== PROMPT ==
Quote the listing in full, exactly as given, minus any pictures.

== MATERIAL PROVIDED ==
= Beginning of Section =

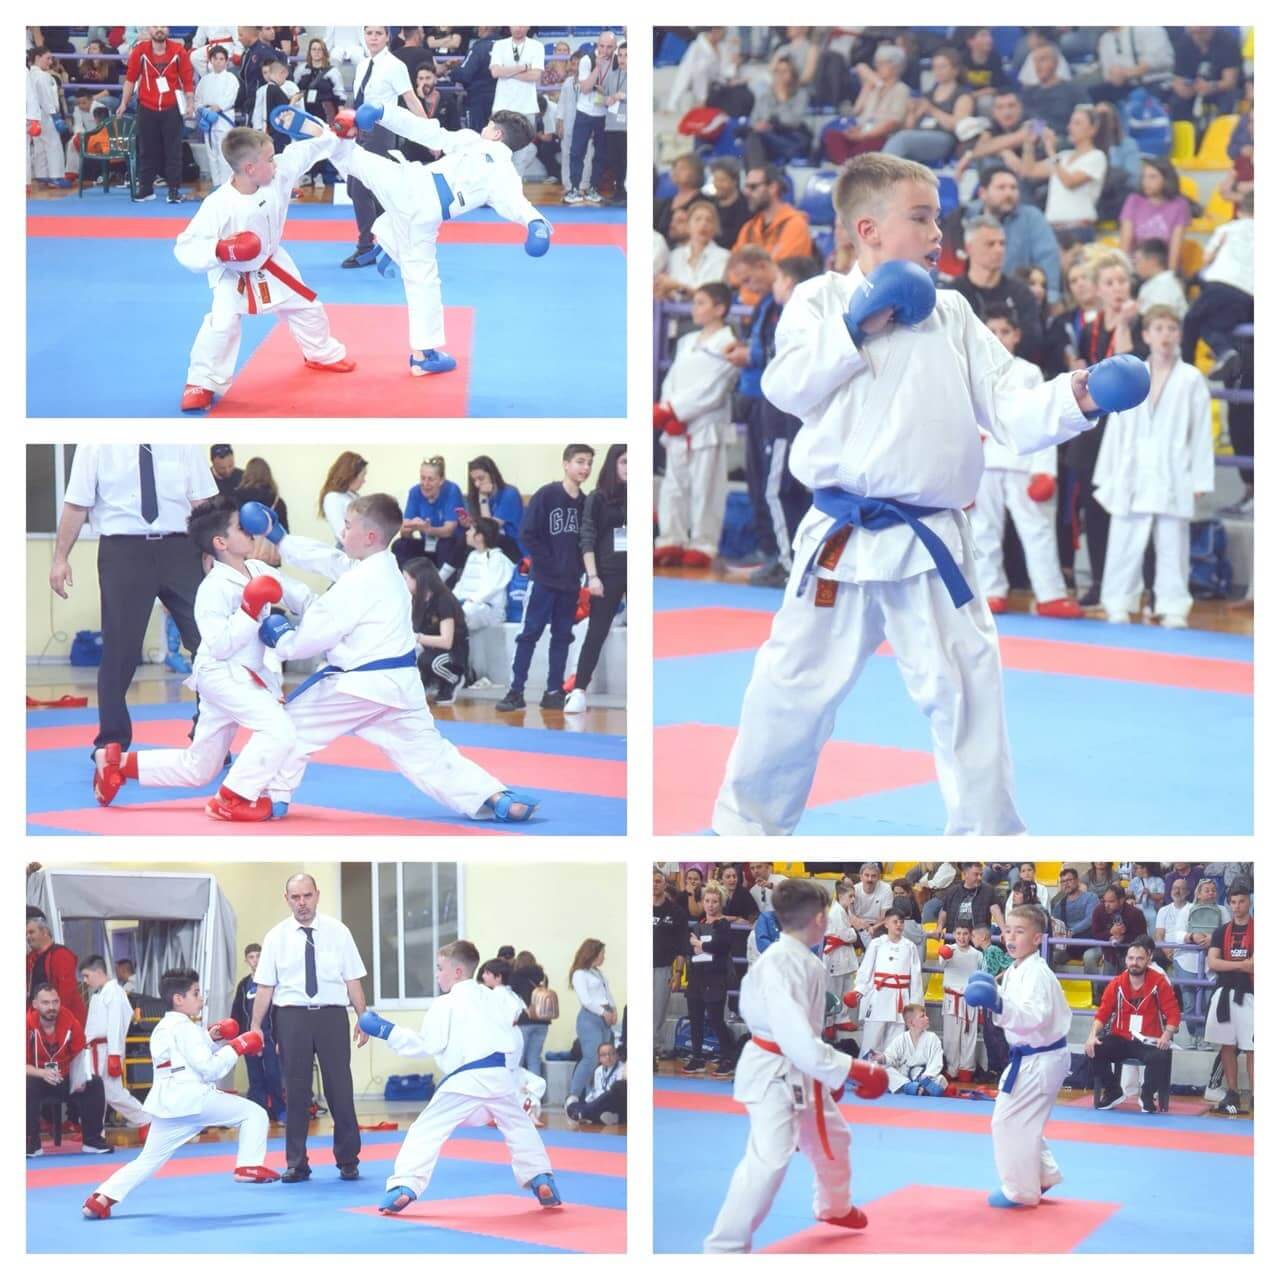 victorious-karate-psachna-panellinio-protathlima-paidon-korasidon-2024-7
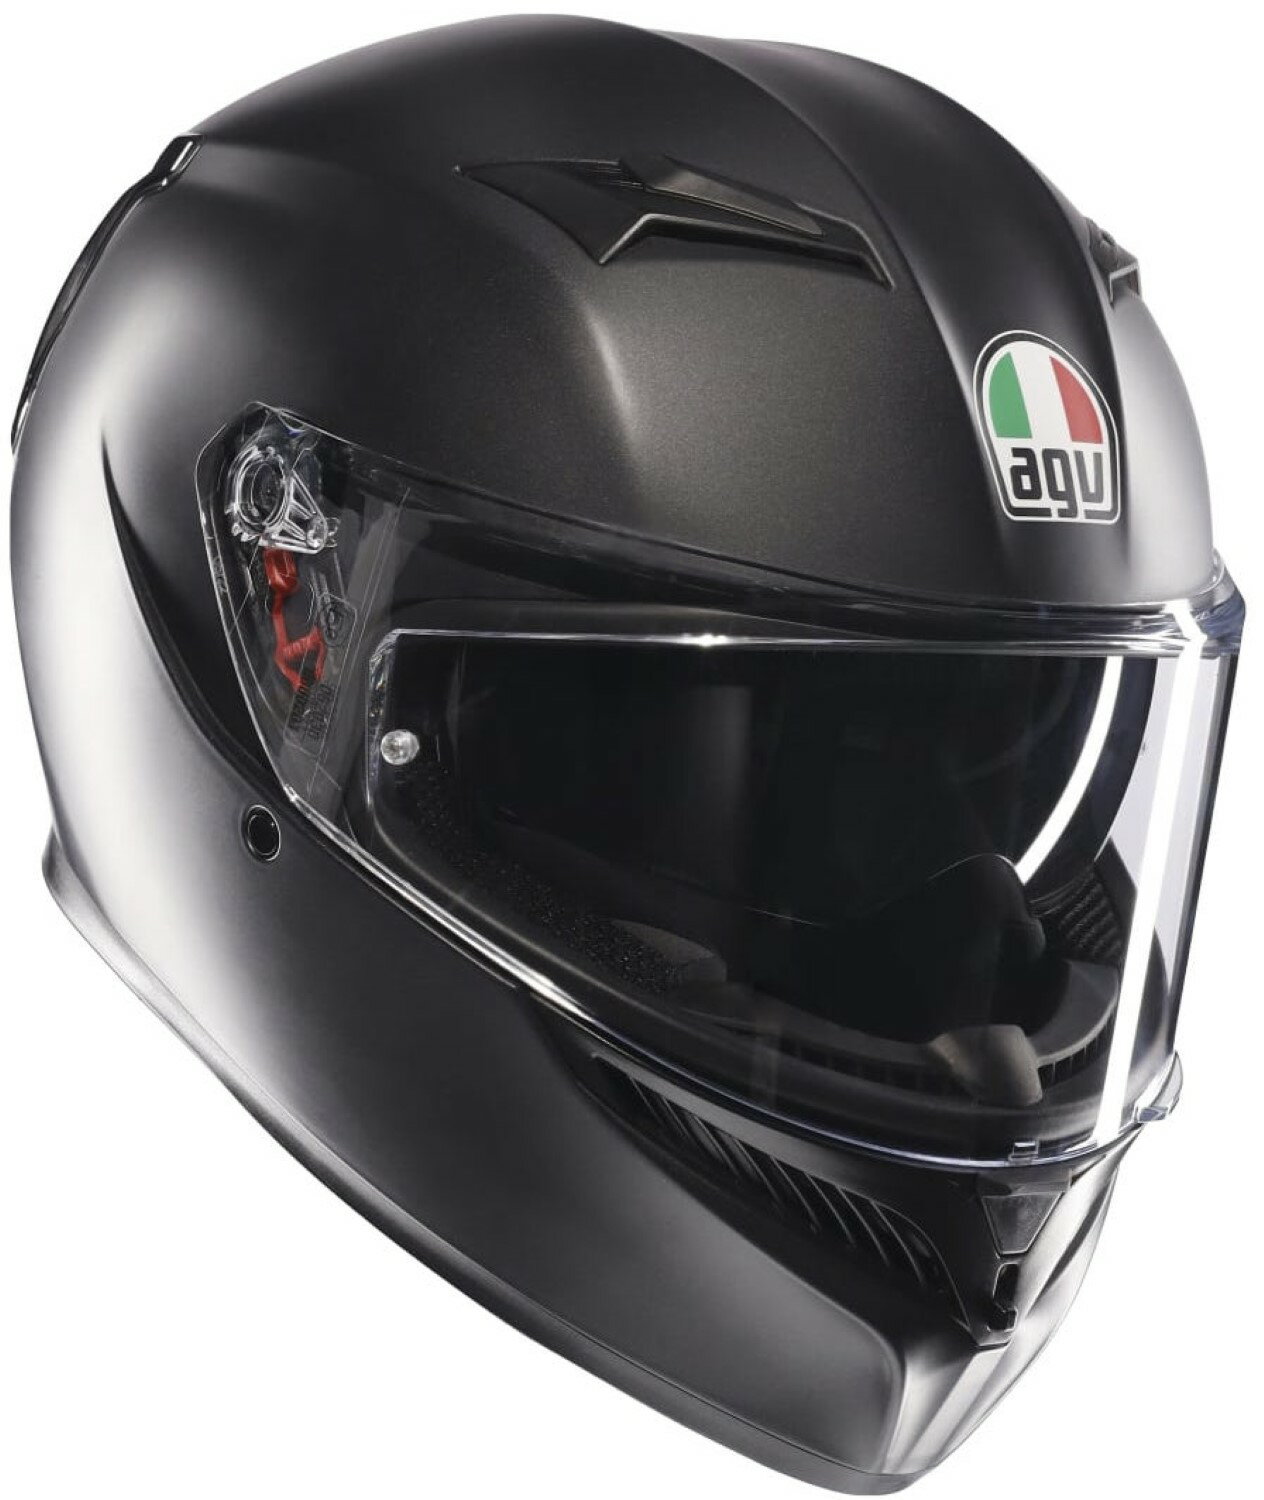  AGV(エージーブイ) バイクヘルメット フルフェイス K3 MATT BLACK (マットブラック) XLサイズ (61-62cm) 18381007004-XL
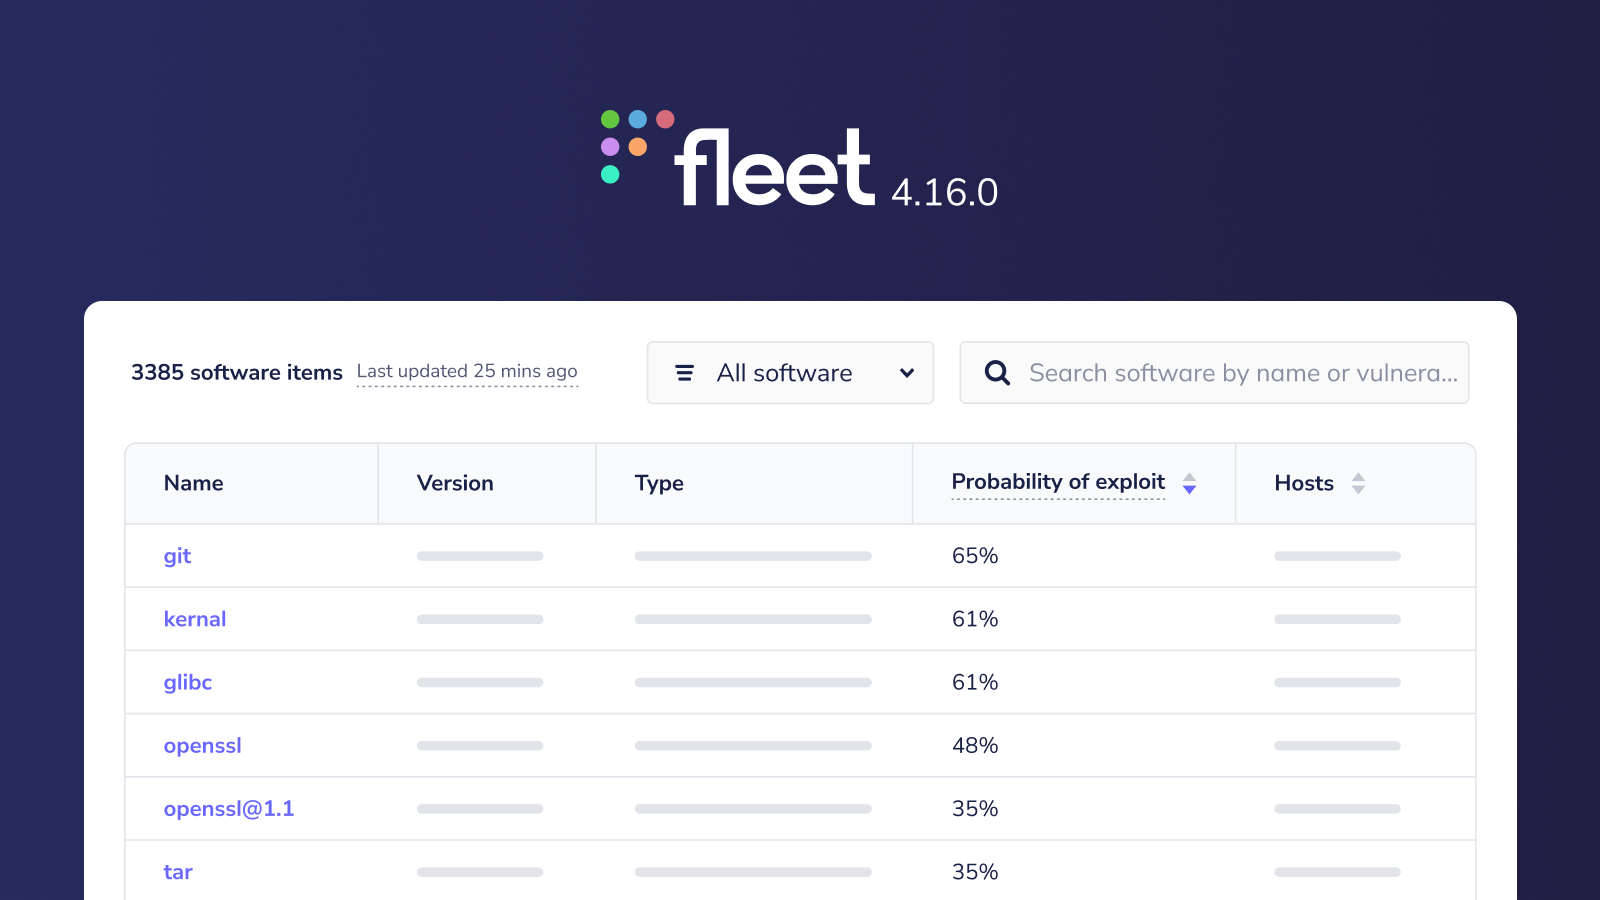 Fleet 4.16.0
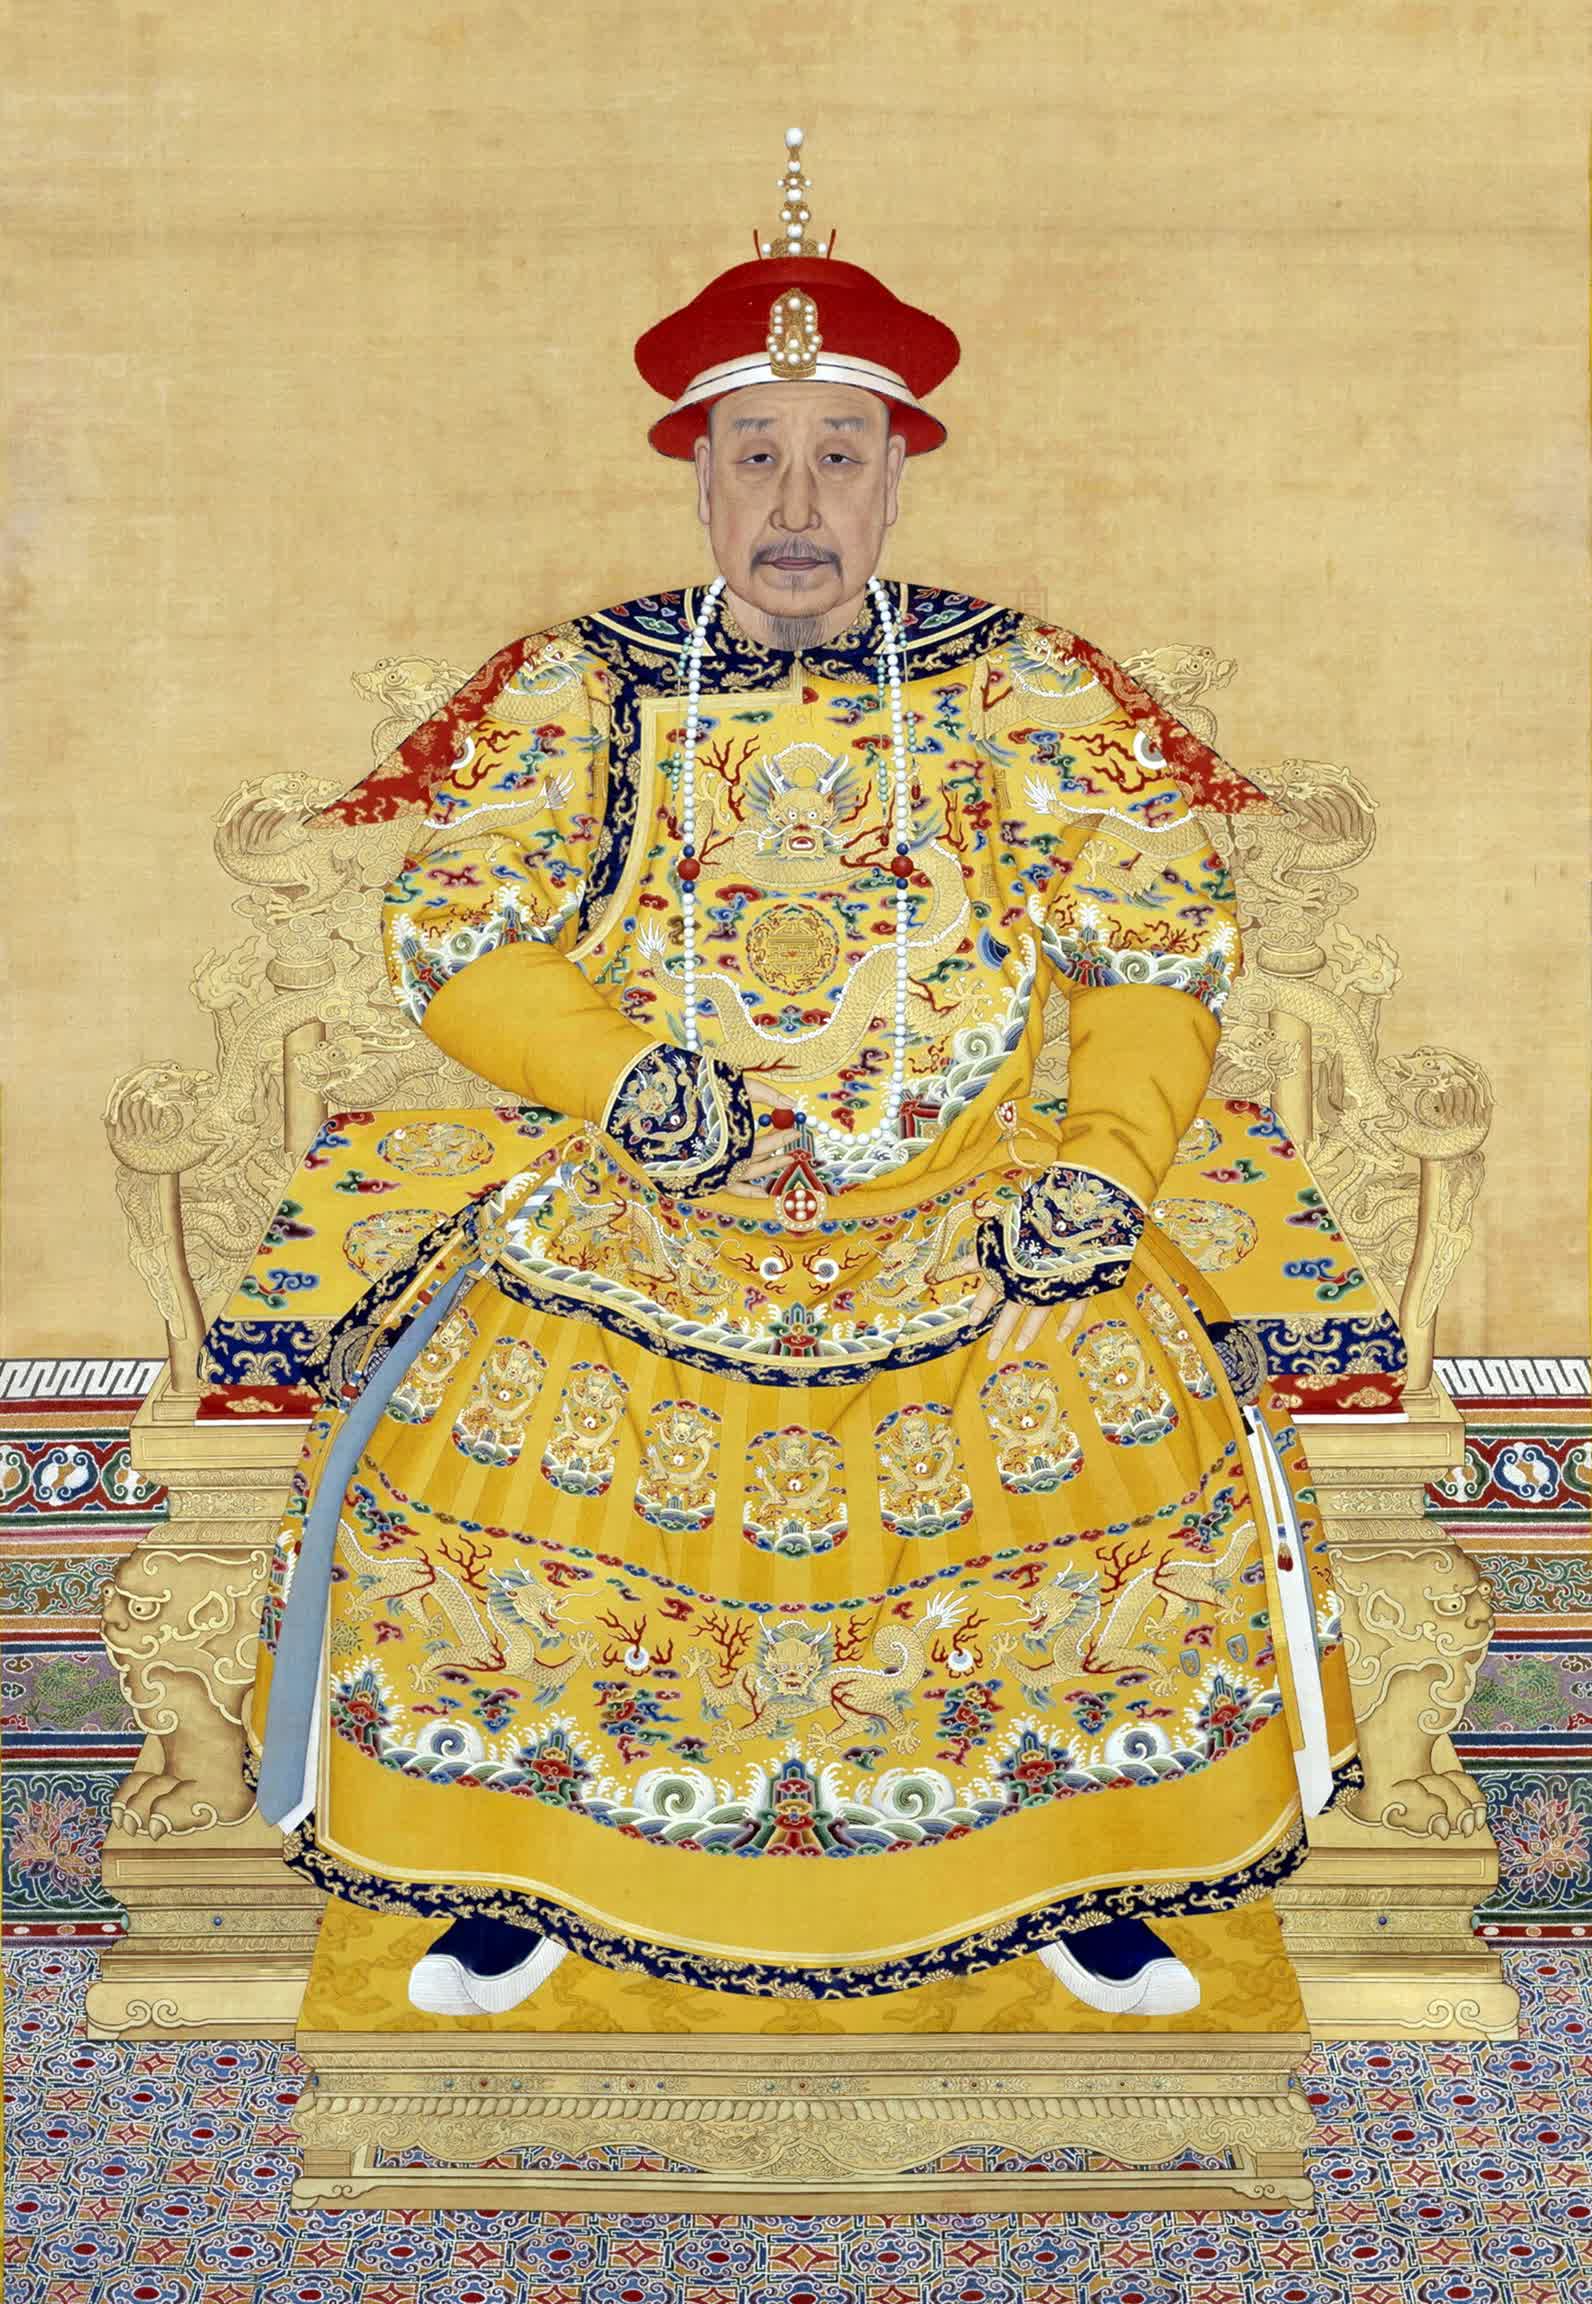 Phi tần nhỏ tuổi nhất của Càn Long: Là cháu gái 13 tuổi của Phú Sát Hoàng hậu, trở thành góa phụ chỉ sau 1 năm lấy chồng - Ảnh 1.

= End of Section =

== OUTPUT OF THE TASK ==
 victorious-karate-psachna-panellinio-protathlima-paidon-korasidon-2024-7
  AGV(エージーブイ) バイクヘルメット フルフェイス K3 MATT BLACK (マットブラック) XLサイズ (61-62cm) 18381007004-XL
 Fleet 4.16.0
 Phi tần nhỏ tuổi nhất của Càn Long: Là cháu gái 13 tuổi của Phú Sát Hoàng hậu, trở thành góa phụ chỉ sau 1 năm lấy chồng - Ảnh 1.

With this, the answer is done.